Nyberg stond op, maar bleef in de deuropening staan.
‘Wat weet jij van transplantaties?’ vroeg hij.
‘Niet bijzonder veel’, antwoordde Wallander. ‘Ik weet dat ze voorkomen, dat het steeds gebruikelijker wordt, dat het steeds meer organen betreft. Maar ik hoop ook dat ik het zelf niet mee hoef te maken. Het moet vreemd zijn om het hart van een ander mens in je lichaam te hebben.’

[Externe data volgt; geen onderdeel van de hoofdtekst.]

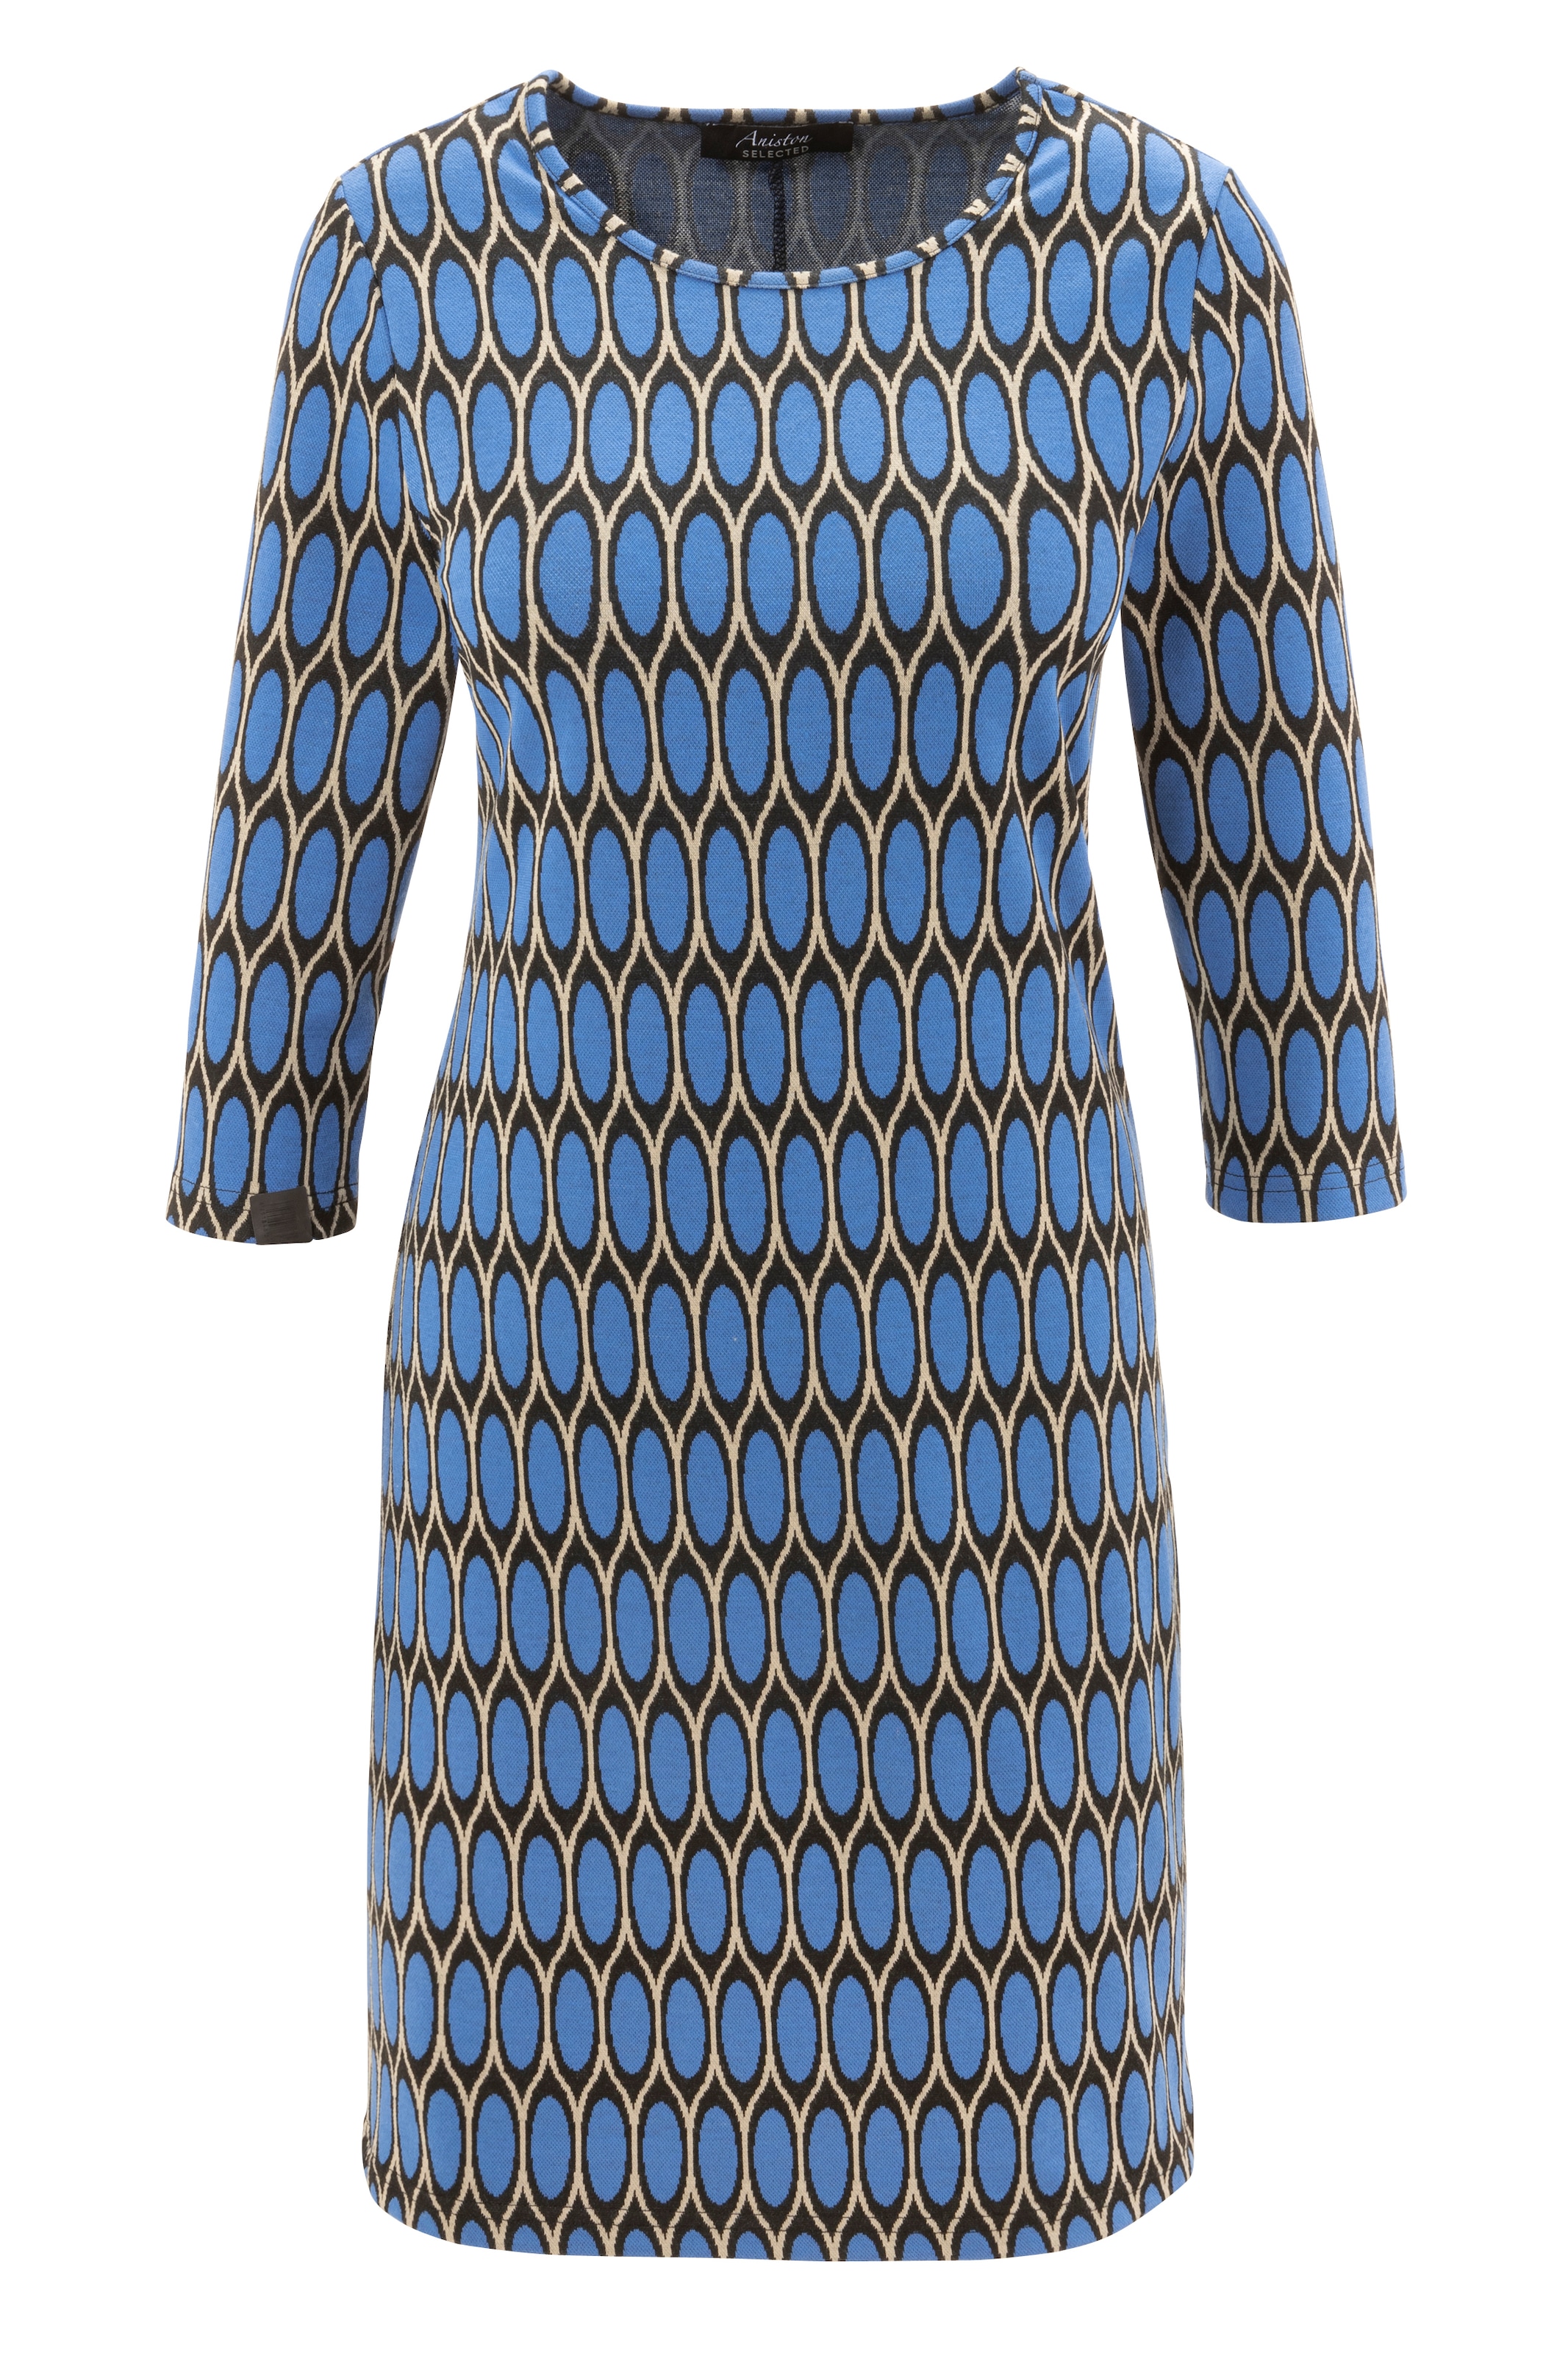 Aniston SELECTED Jerseykleid, aus Jacquard mit Retro-Muster bei ♕

‘Ik heb gepraat met een arts in Lund, ene Strömberg’, zei Nyberg. ‘Hij heeft mij een aardig inzicht gegeven. Hij vertelde onder andere dat de transplantatietechniek ook een op z’n zachtst gezegd duistere kant heeft. Niet alleen dat mensen in de arme delen van de wereld in wanhoop hun eigen organen verkopen om te kunnen overleven. Dat is natuurlijk een activiteit met veel duistere kanten, vooral uit moreel oogpunt. Maar hij noemde ook iets wat nog erger is.’

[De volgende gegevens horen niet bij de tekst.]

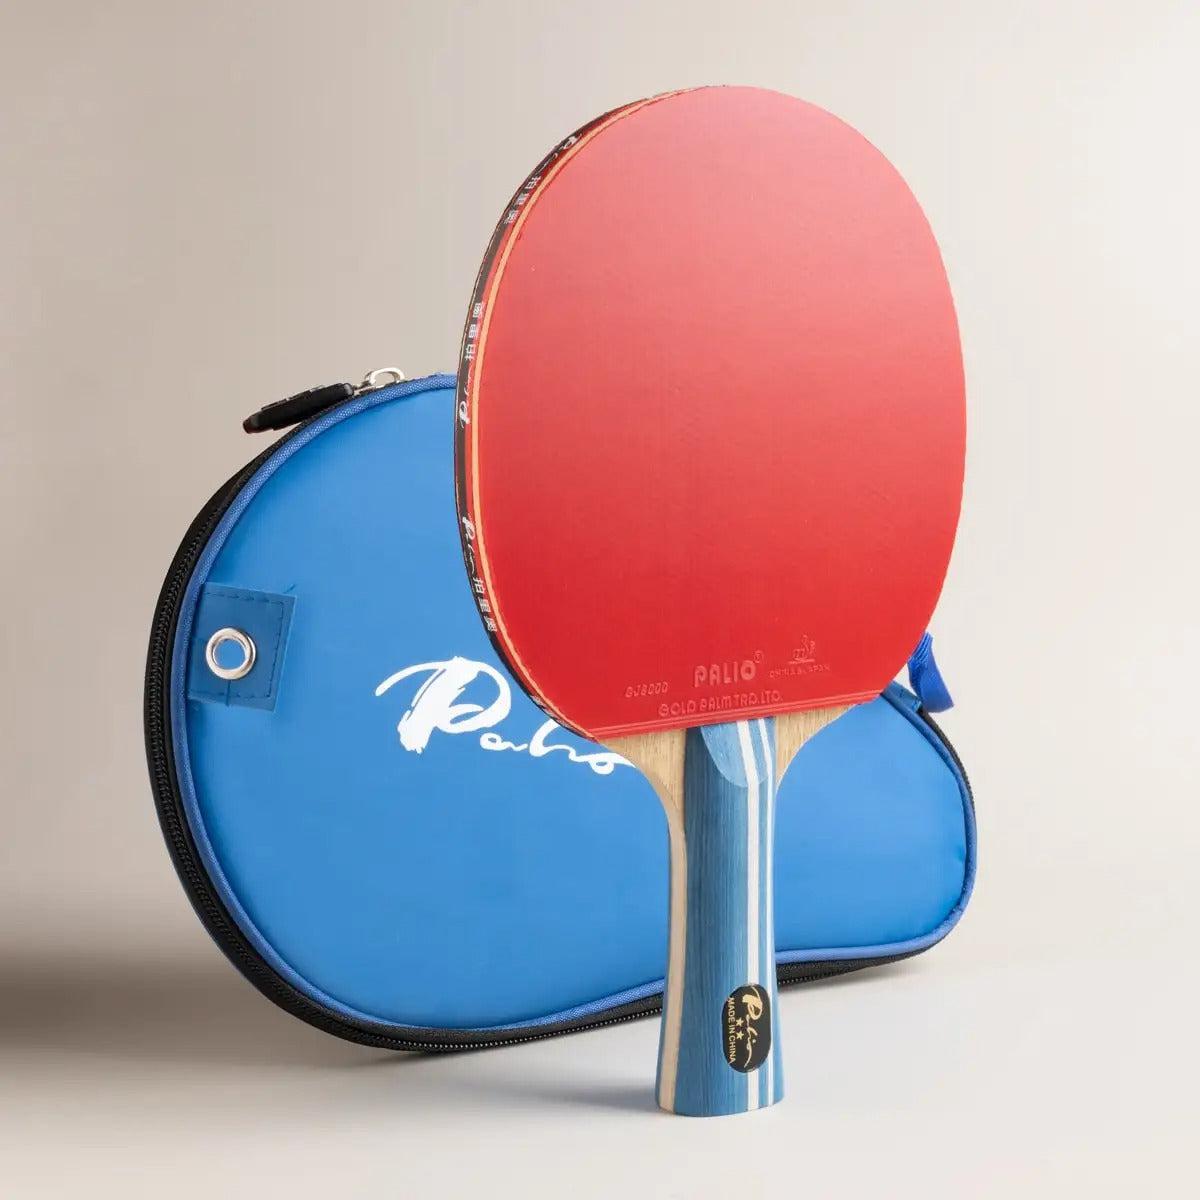 Palio 2 Star Expert Table Tennis Bat + Case

Nyberg stopte opeens en keek Wallander vragend aan.
‘Ik heb de tijd’, zei Wallander. ‘Ga door.’
‘Voor mij klonk het volkomen onbegrijpelijk,’ zei Nyberg, ‘maar Strömberg overtuigde mij ervan dat er geen grenzen zijn aan wat mensen bereid zijn te doen om geld te verdienen.’
‘Dat wist je toch al wel’, zei Wallander verwonderd.
‘Die grenzen schuiven de hele tijd op’, zei Nyberg. ‘Grenzen waarvan je al dacht dat ze de uiterste waren.’